TensorFlow.js Helps Recognize Large Quantities of Icons in Milliseconds!

By Tianke

Background

During the frontend development process, icons of images need to be restored. In most cases, the icons do not have a corresponding type field. If users need to look for what they need from hundreds of icons with their naked eyes, the result is a poor user experience.

Therefore, last year, I submitted a pull request for Ant Design open-source projects. The pull request contributes to a new feature, searching icons with screenshots, based on the deep learning technology. When users click, drag, or paste an icon screenshot in a design or any image to upload, they can search for the best matches and the corresponding matching rates. Remember that all recognition tasks are completed by the frontend!

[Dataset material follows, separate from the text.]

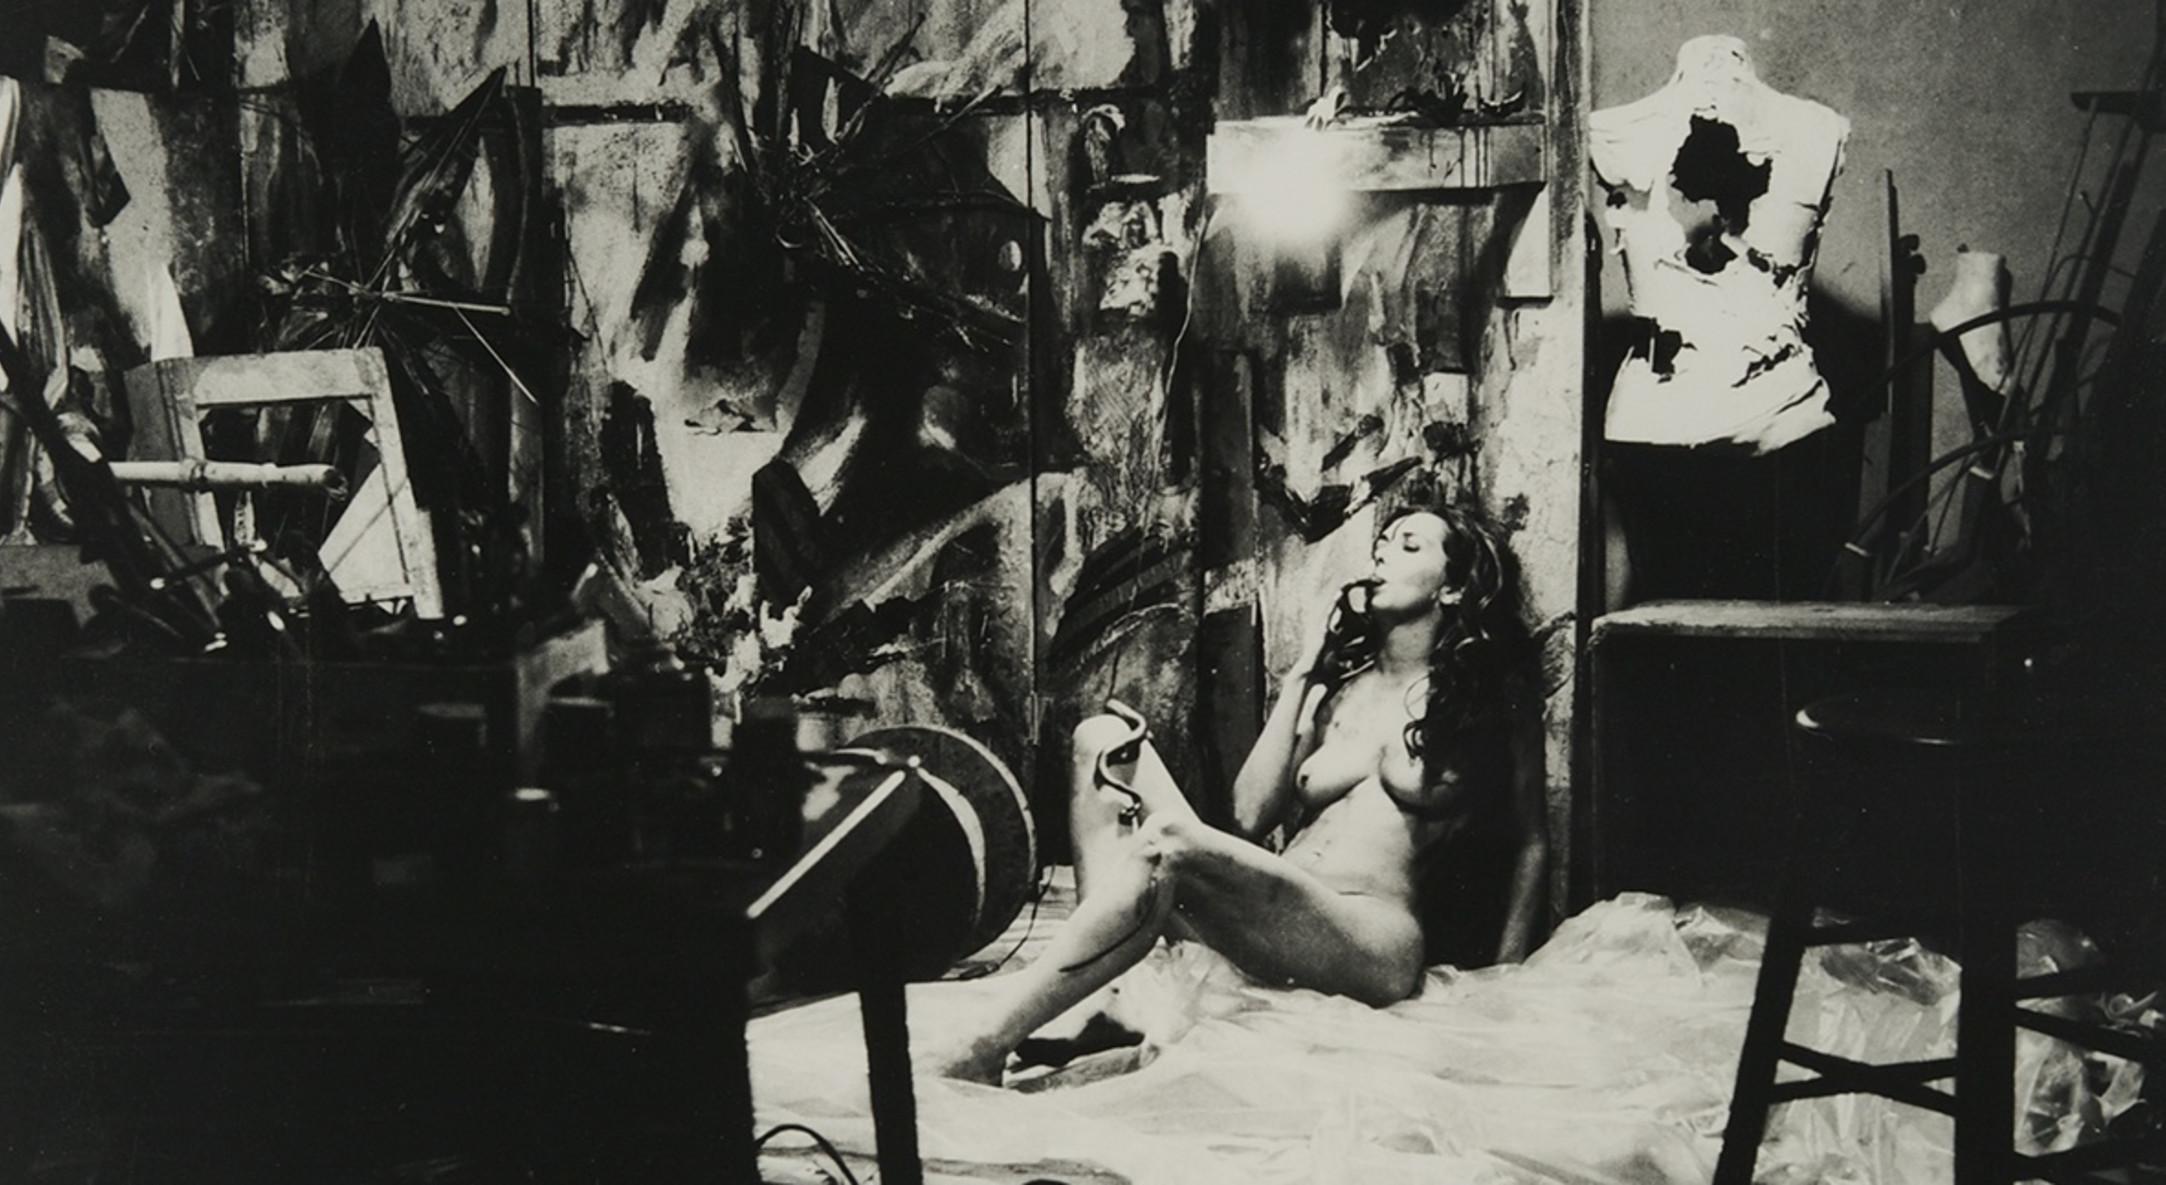 Detail of Carolee Schneemann, Eye Body #2, 1963/2005, gelatin silver print, 60.96 x 50.8 cm, 24 x 20 in

The following figure shows the effect:

You can also experience it on the official website: https://ant.design/components/icon/

How can we implement this technology? This article will reveal the secrets behind the technology:

Introduction to Deep Learning
Sample Generation
Model Training
Model Compression and Conversion
TensorFlow.js Recognition

Introduction to Deep Learning

As described in the preceding section, this feature is implemented based on deep learning. What is deep learning? Deep learning is a type of machine learning. Machine learning is the study of computer algorithms that automatically improve based on "experience."

The keyword here is experience. Humans have long addressed problems based on their experience. For example, as early as medieval times, someone estimated the average foot length of all men by measuring the average foot length of 16 men.

Here is another example. If you are given a lot of height and weight data as well as the height of a single person, can you estimate the person's weight?

Of course you can! You can calculate the values of a and b in the formula of y = ax + b shown in the preceding figure, and then calculate a person's weight based on his or her height. In machine learning, a is called weight, and b is called bias. More specifically, this is called linear regression in machine learning.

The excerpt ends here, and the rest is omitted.